DATA SHOWN:

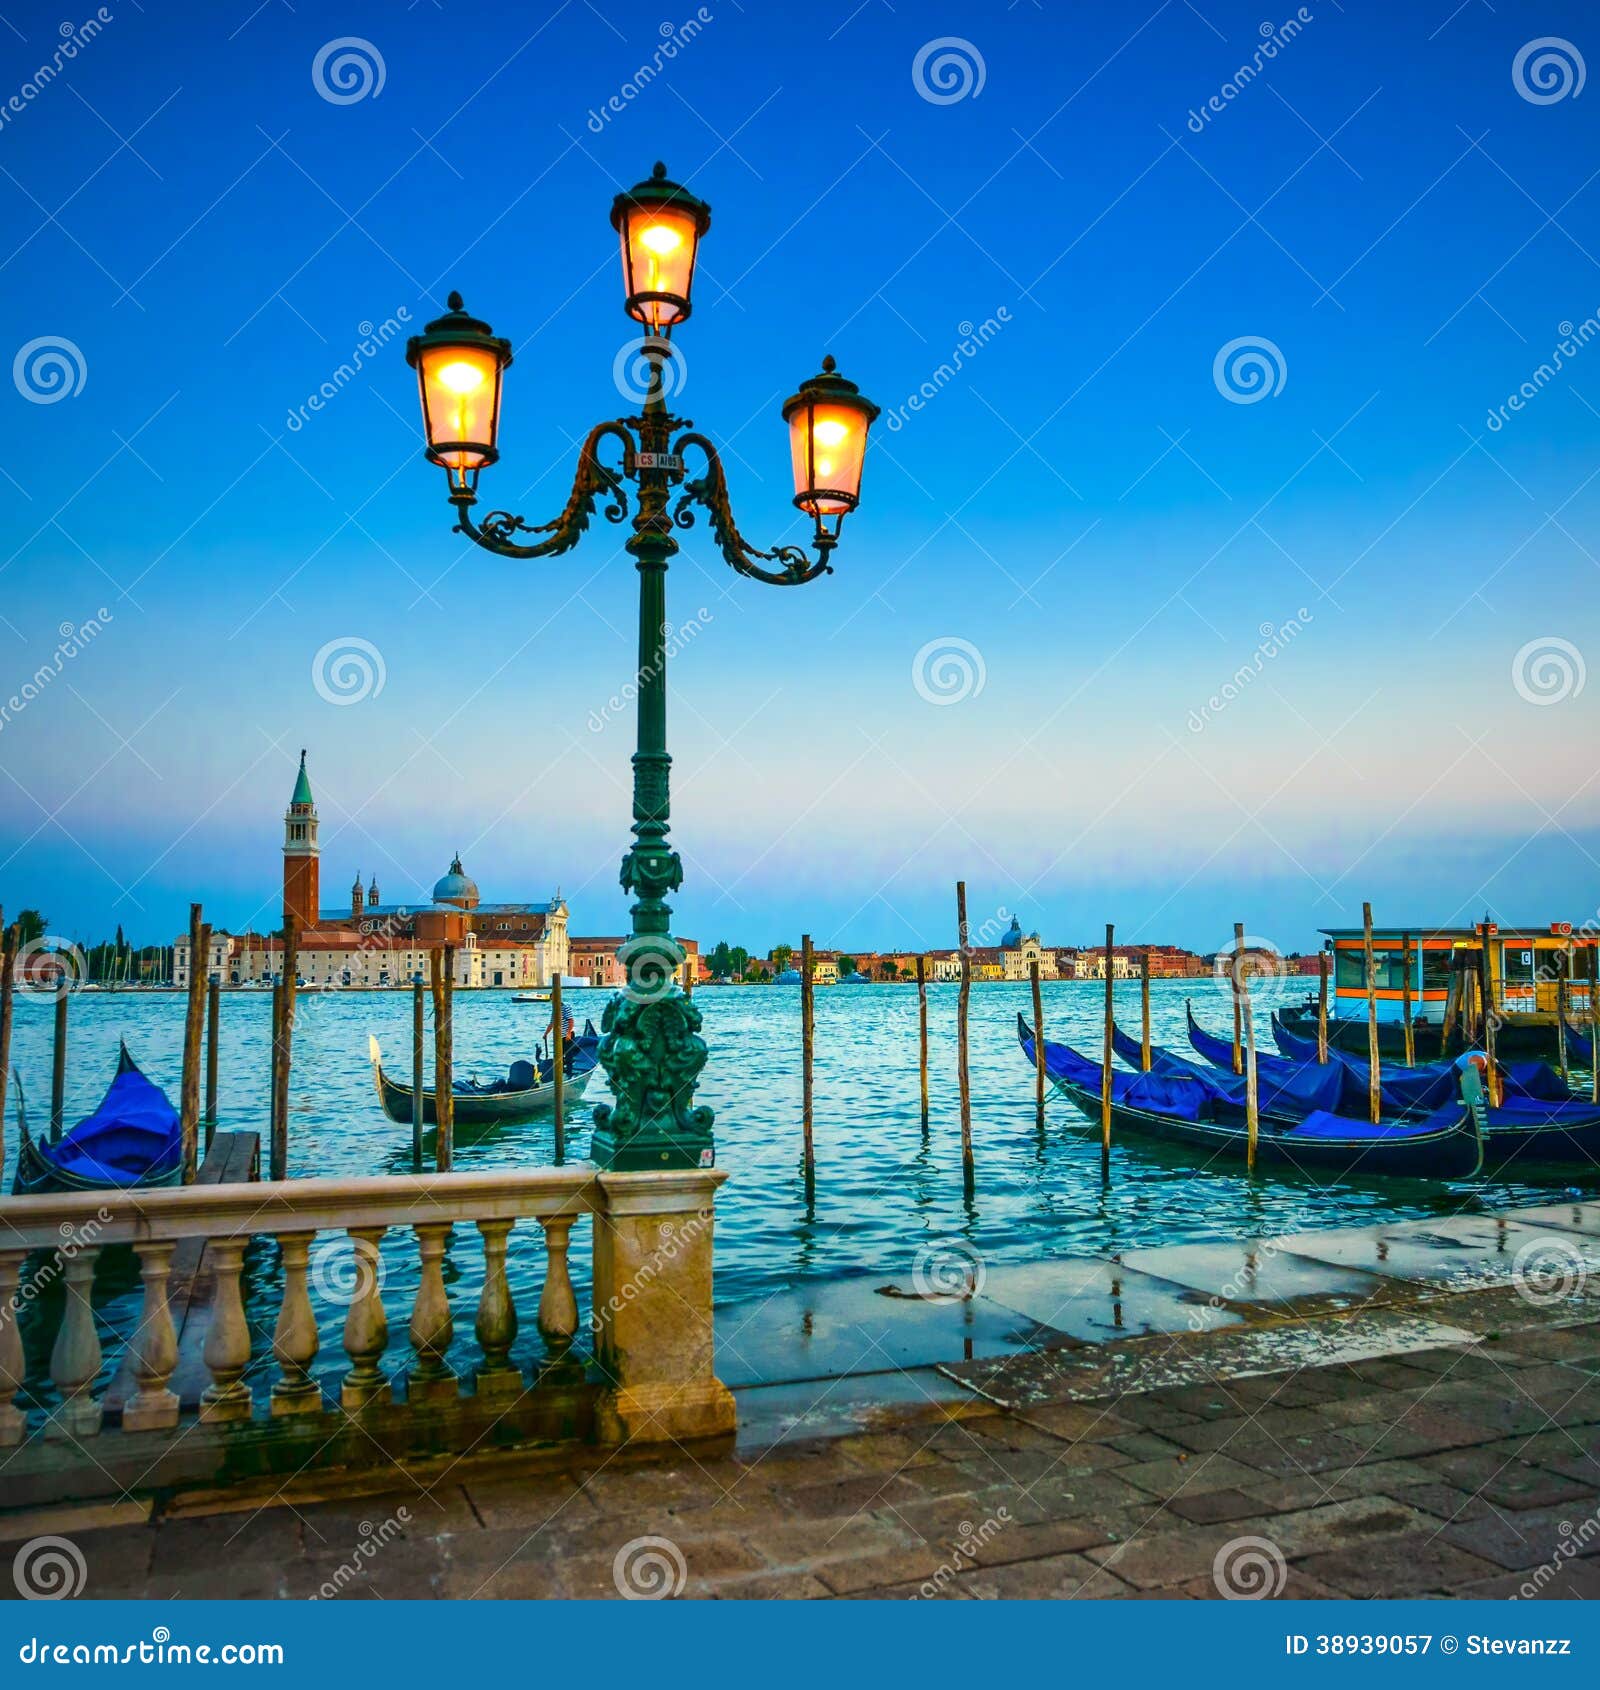 Venice, Street Lamp And Gondolas On Sunset. Italy Stock ...
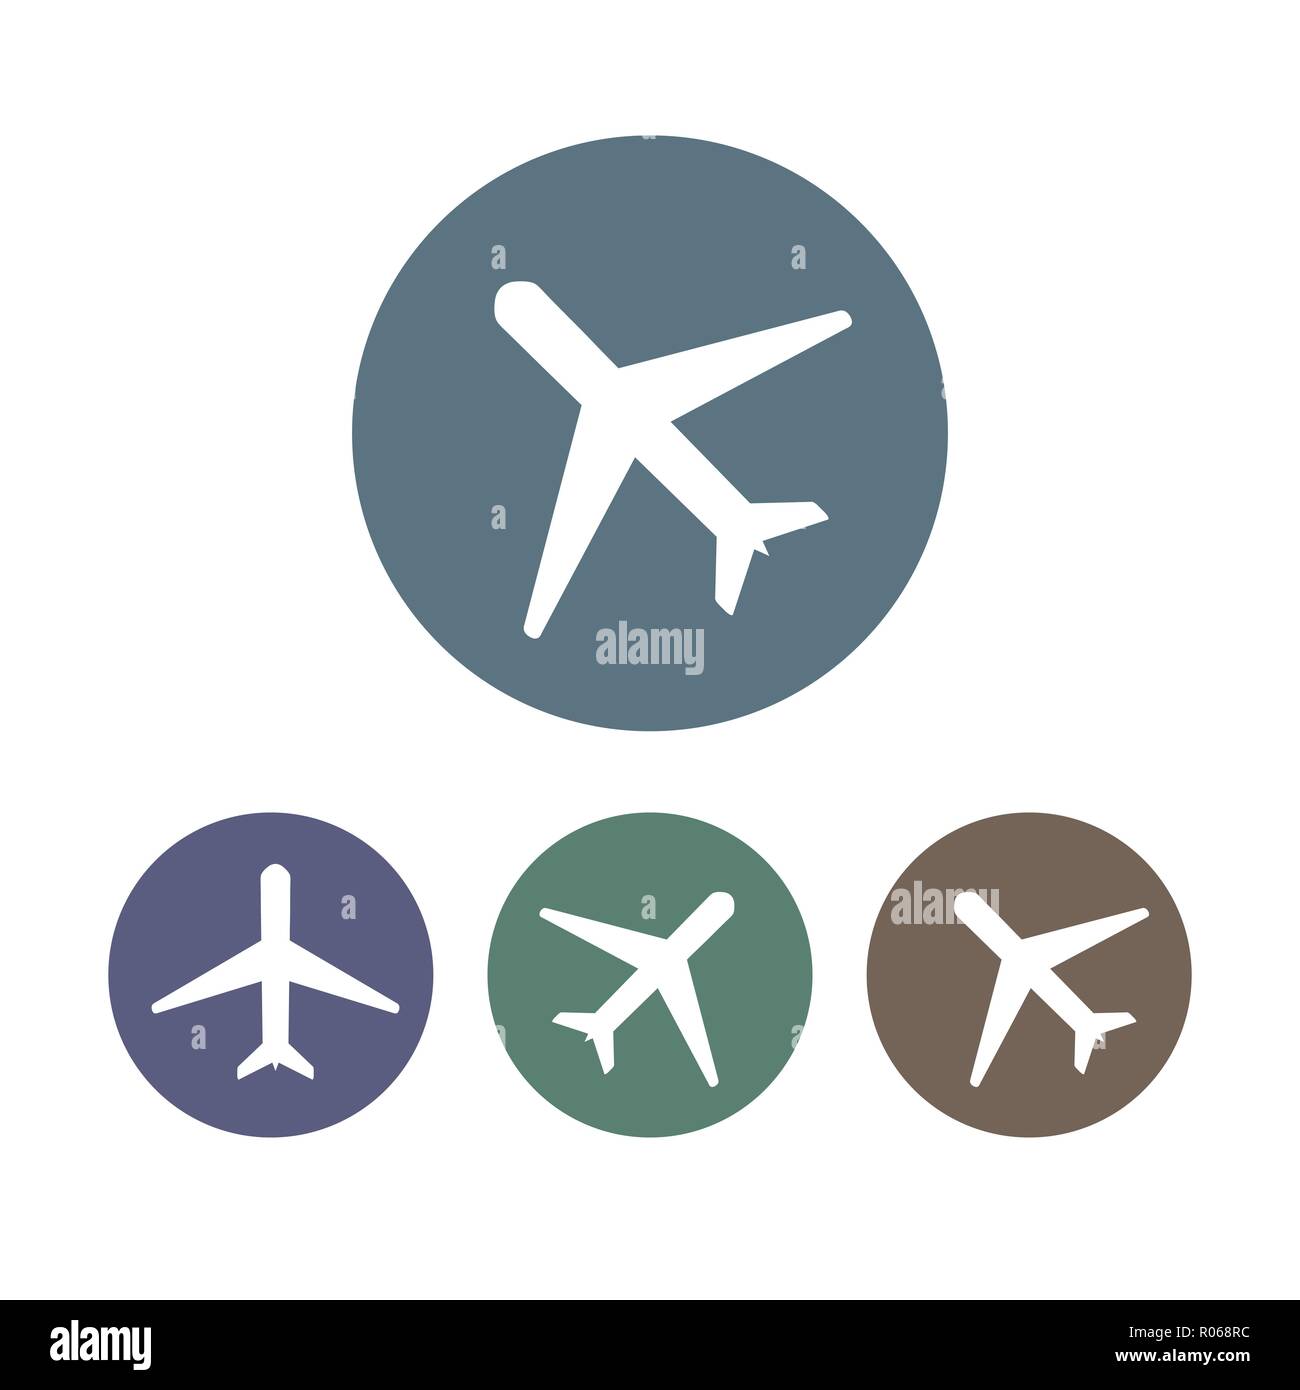 Airplane icon, plane sign. Set. Vector illustration, flat design. Stock Vector
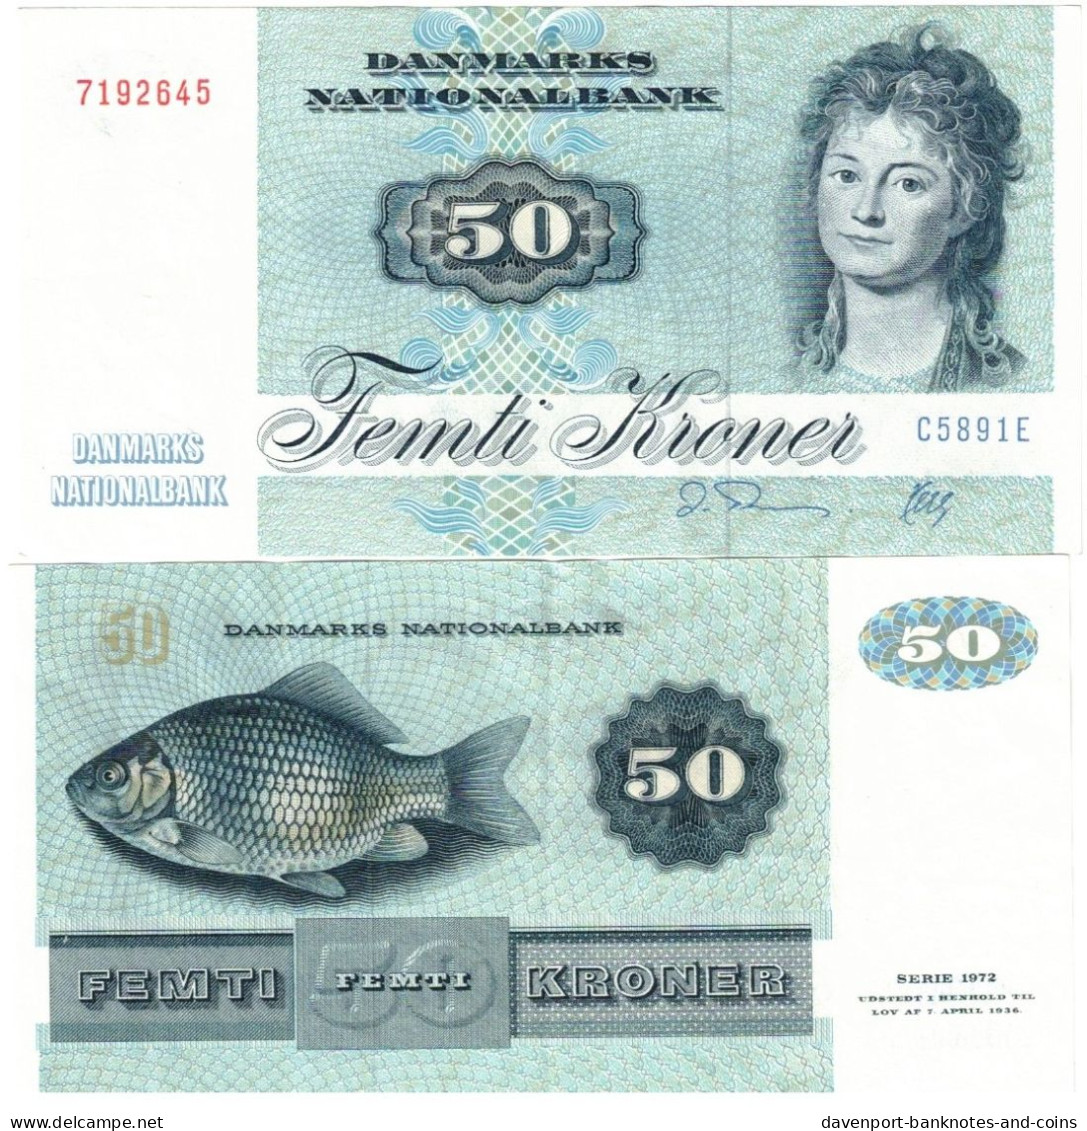 Denmark 50 Kroner 1989 VF/EF "Thomasen/Herly" - Denmark

EXERCISE DESCRIPTION:
Write out all of the data above exactly, pictures excluded.

REPLY TO THE TASK:
 Venice, Street Lamp And Gondolas On Sunset. Italy Stock ...
 Airplane icon, plane sign. Set. Vector illustration, flat design. Stock Vector
 Denmark 50 Kroner 1989 VF/EF "Thomasen/Herly" - Denmark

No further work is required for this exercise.